_Task prompt_
Would you restate the full listing word for word and omit its pictures?

_Recorded information_
**********
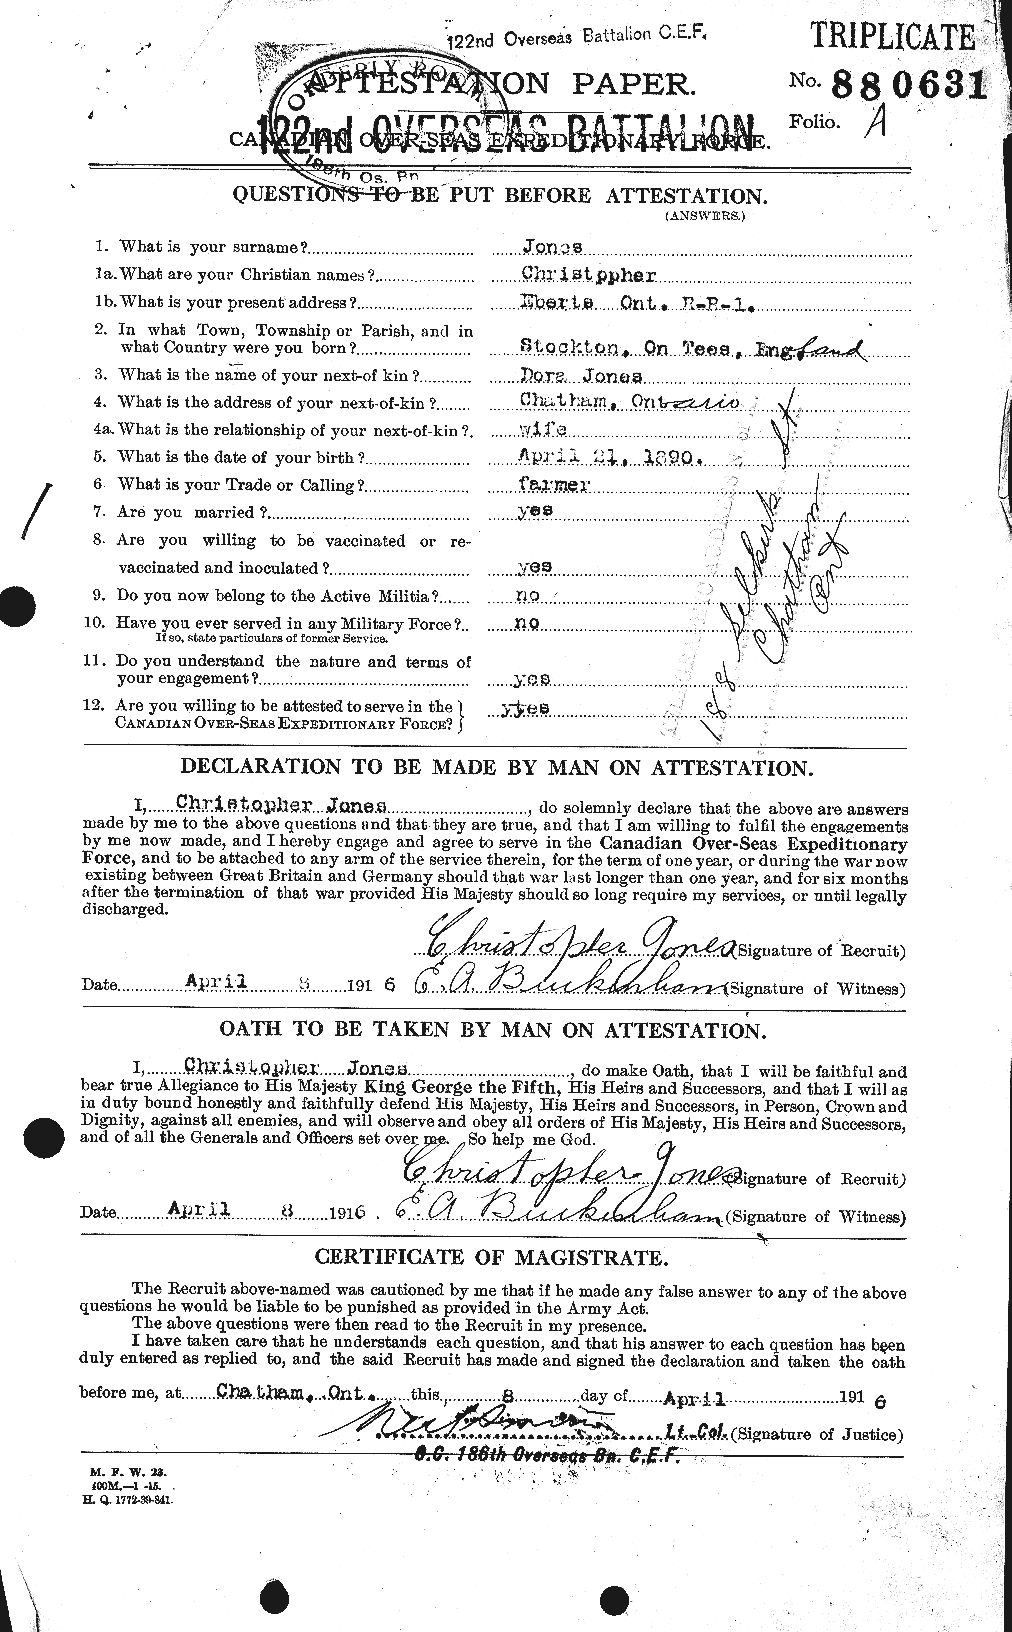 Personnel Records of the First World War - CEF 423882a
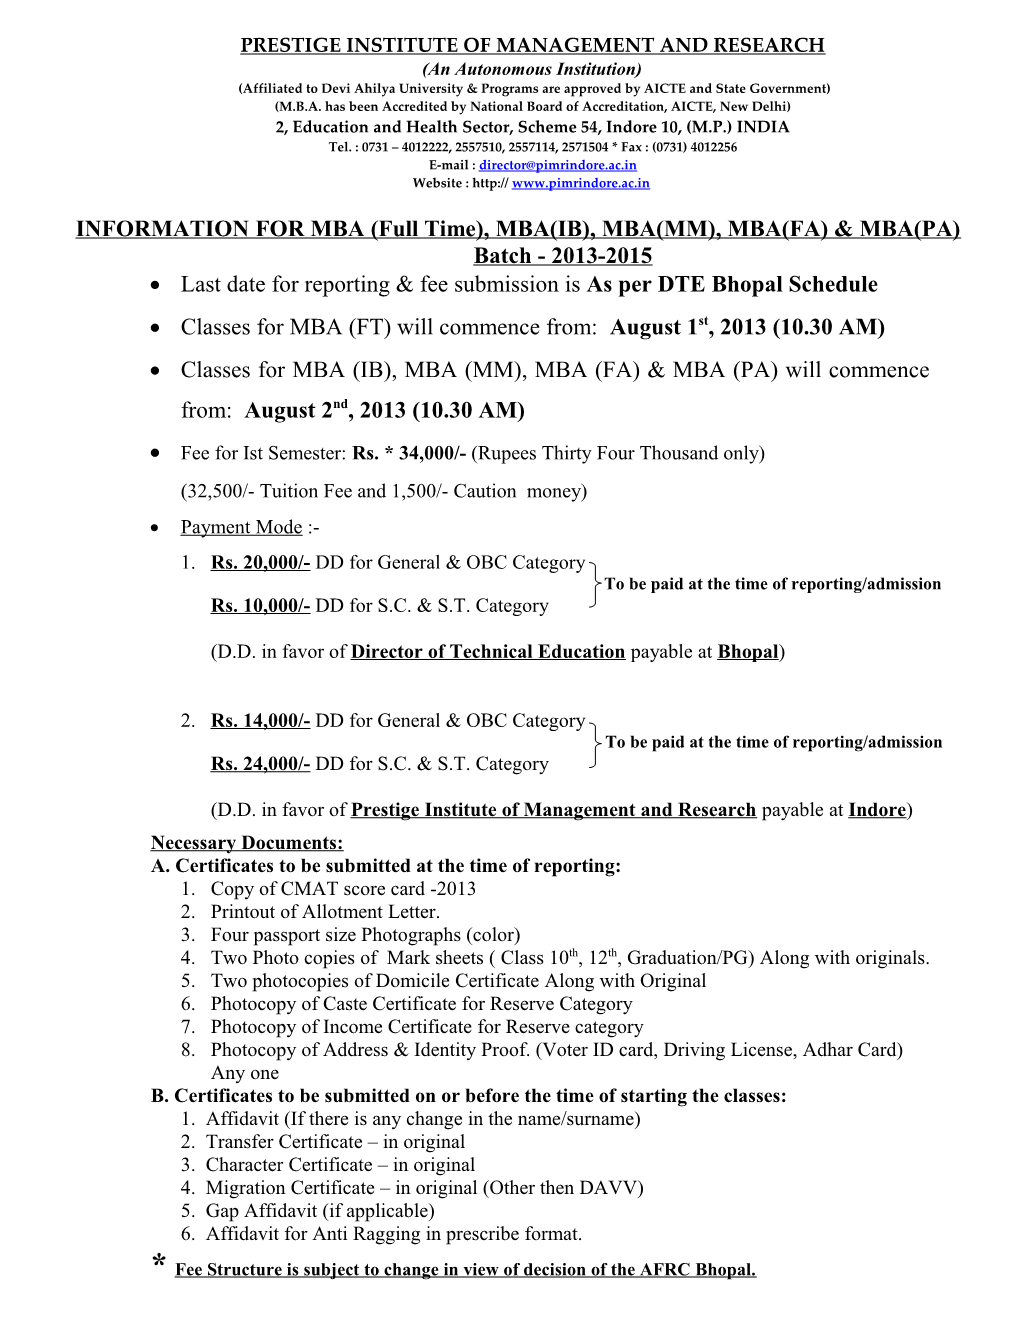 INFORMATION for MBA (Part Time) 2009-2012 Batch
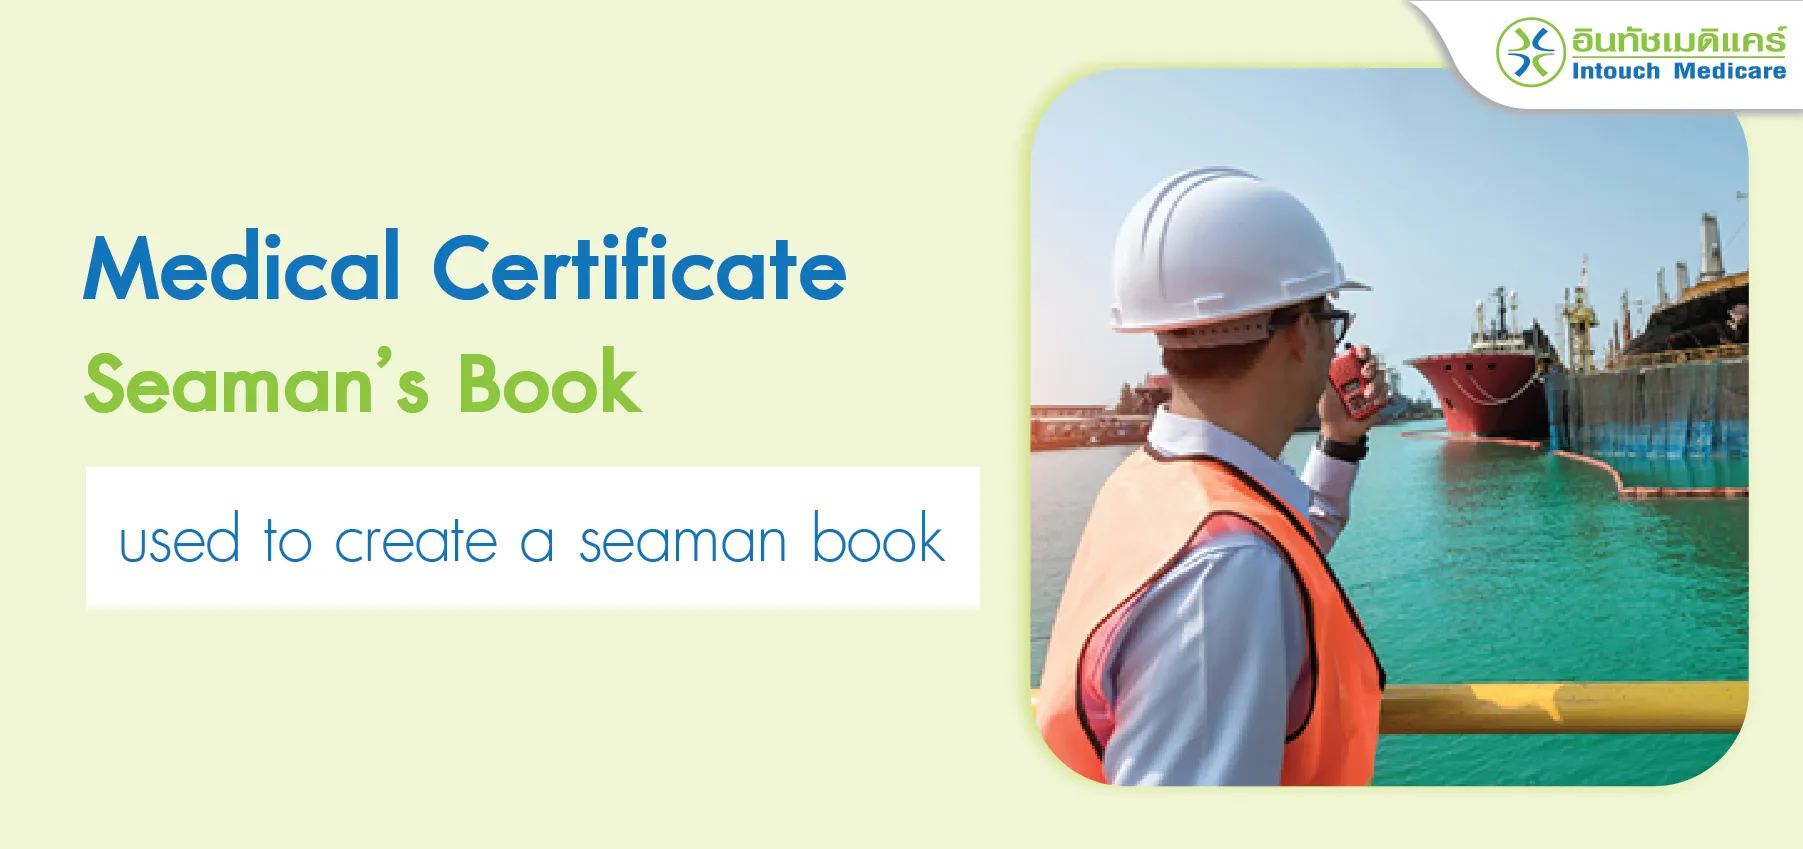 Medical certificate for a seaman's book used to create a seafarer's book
**********
_Response to the task_
 Personnel Records of the First World War - CEF 423882a
 INFORMATION for MBA (Part Time) 2009-2012 Batch
 Medical certificate for a seaman's book used to create a seafarer's book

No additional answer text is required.